Klarinet Archive - Posting 000094.txt from 1999/07

From: BlueNote83@-----.com
Subj: Re: [kl] sax trouble
Date: Sun, 4 Jul 1999 15:56:48 -0400

In a message dated 7/4/99 2:34:30 PM Central Daylight Time,
kwolman@-----.net writes:

<<
>>The characteristic clarinet sound derives from its acting acoustically as a
>>cylindrical pipe closed at one end driven by a single beating reed. This
is
>>why plastic, wood, and metal clarinets all sound like clarinets rather than
>>any other instrument.
>>
>Of course, plastic oboes also sound like oboes, and wood flutes like
>flutes. I don't believe I have ever actually heard a Grafton plastic
>saxophone, but I suspect it sounds pretty much like a sax.

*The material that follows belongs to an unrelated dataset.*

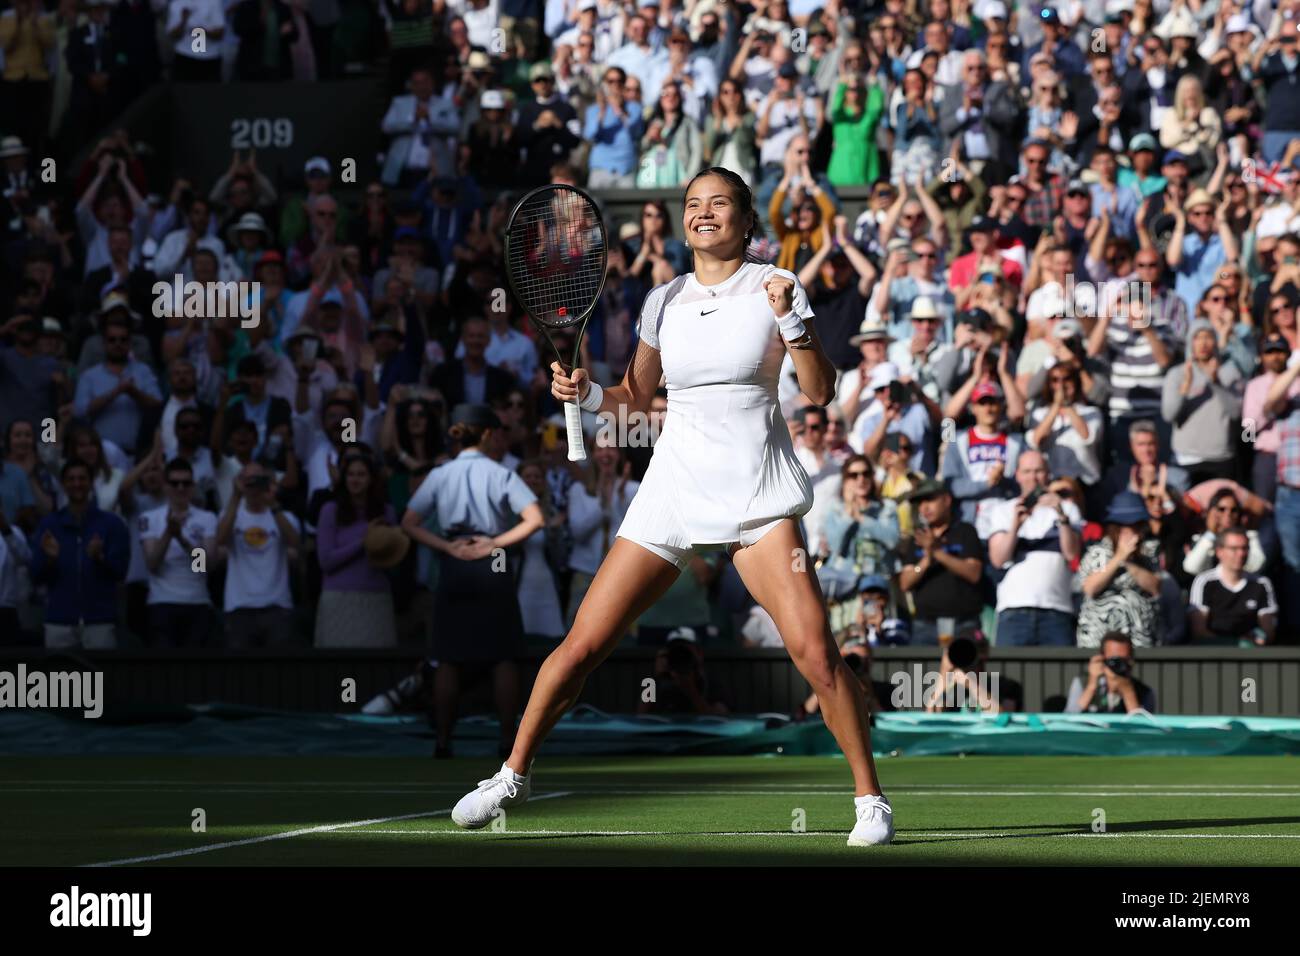 Wimbledon, UK, 27th June 2022, All England Lawn Tennis and Croquet Club, London, England; Wimbledon Tennis tournament; Emma Raducanu celebrates after she wins the match 2 sets to 0 against Alison Van

Your point, of
>course, is valid: it is the design, not the material, that determines the
>sound.

I think it was the jazz musician Ornette Coleman who got into experimenting
with a plastic sax sometime in the 1950s. I cannot listen to his music
long enough to figure out what he got from a plastic horn as opposed to one
made of metal, but he must've heard something in the sound that he felt he
needed, and that he could not get from a regulation saxophone.

Ken >>
Charlie Parker experimented with the Plastic saxophone earlier though.